Busby’s shortlisted for the 2024 Dulux Colour Awards

Finalists have been announced for this year’s Dulux Colour Awards, highlighting innovative uses of colour in design, with new Sydney venue Busby’s among the finalists in the Commercial Interior – Public and Hospitality category.

From a record 527 entries, 83 projects have been shortlisted across the eight categories, providing an insight into the leading trends in colour and design.

The judges have remarked that this year’s shortlist demonstrates a deeply considered, intelligent approach to design across the board. Within the hospitality and retail spheres, judges were particularly impressed with the use of colour psychology to entice customers.

Moody colour palettes dominate the shortlisted hospitality venues, with warm russet browns, burgundies, and cherry reds enhanced by low lighting. Retro elements are also evident through the use of wood panelling and rattan. Public Design Studio, the team behind the design of Busby’s, adds an element of contrast through the addition of armchairs upholstered in royal blue velvet, creating visual interest within the space.

Andrea Lucena-Orr, Dulux Colour and Communications Manager, commented on the design trends indicated in this year’s awards.
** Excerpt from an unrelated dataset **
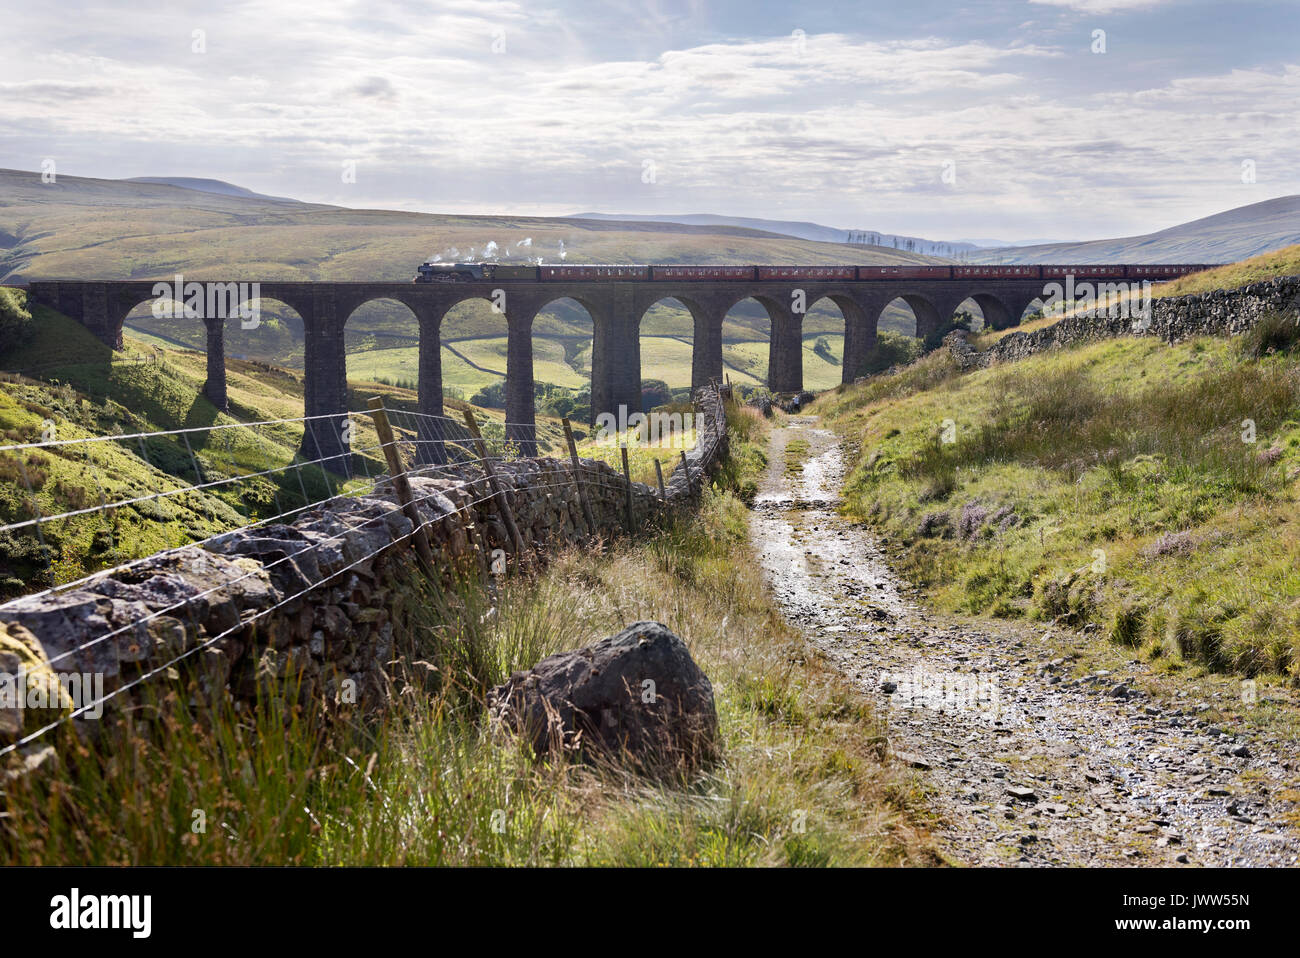 The Flying Scotman steam locomotive hauls 'The Waverley' special train over Arten Gill viaduct on the Settle-Carlisle railway line in the Yorkshire Dales National Park, travelling from Carlisle back to York. Credit: John Bentley/Alamy Live News Stock Photo

“This year, biophilia – the affinity of humans with the natural world – is a strong theme, with earthy colours playing a dominant role in interiors. Olive greens, warm greys, muted taupes and dusky blues are coming into their own across several categories,” she said.

Warm neutral tones have also made an appearance in this year’s entries, with warm whites and soft beiges appearing across textured surfaces. This tendency towards softer tones is reflected in Dulux’s Colour of the Year, Sweet Embrace, a pale rose-lilac. Increasingly, these colours are being layered, with several shades of cream or beige appearing within the same space.

“Gone are the days of a single white or beige being specified for an interior. Now, nuanced shades of a colour are being utilised to create highlights, details and contrasts within the one project. It’s a sophisticated design strategy and it’s not confined to interiors.” Andrea said.

However, bright colours still feature in the awards, with saturated candy tones and high contrasts appearing in several shortlisted designs.

“It is an uplifting trend that shows a newfound optimism and confidence to try unexpected combinations for surprising and fun spatial impact. Architects and designers, as well as their clients, seem to have shaken off the gloom of the lockdown years and are expressing a profound sense of freedom through paint colours that epitomise playfulness and joy,” Andrea said.

Colour is not just limited to interior design, either, with Andrea noting that this year’s finalists are extending innovative uses of colour to building exteriors.

“We’re also seeing bold graphics and murals in external applications, surprising contrast colours of pinks and blues, and a lot of textural effects. It’s thrilling to see that every surface, every element, inside and out, is being considered in the overall colour scheme when a designer or architect is devising the palette,” she said.

The Dulux Colour Awards’ Student category is another interesting element of the awards, with two Sydney Design School students shortlisted for hospitality design concepts. Caroline Apport’s Alchemy and Gabriela Vegas’s Campo de’ Fiori give an insight into the concepts that emerging designers are bringing to the table.

The 38th Dulux Colour Awards winners will be announced during Vivid Sydney on 29 May, at an exclusive event held at the Sydney Opera House.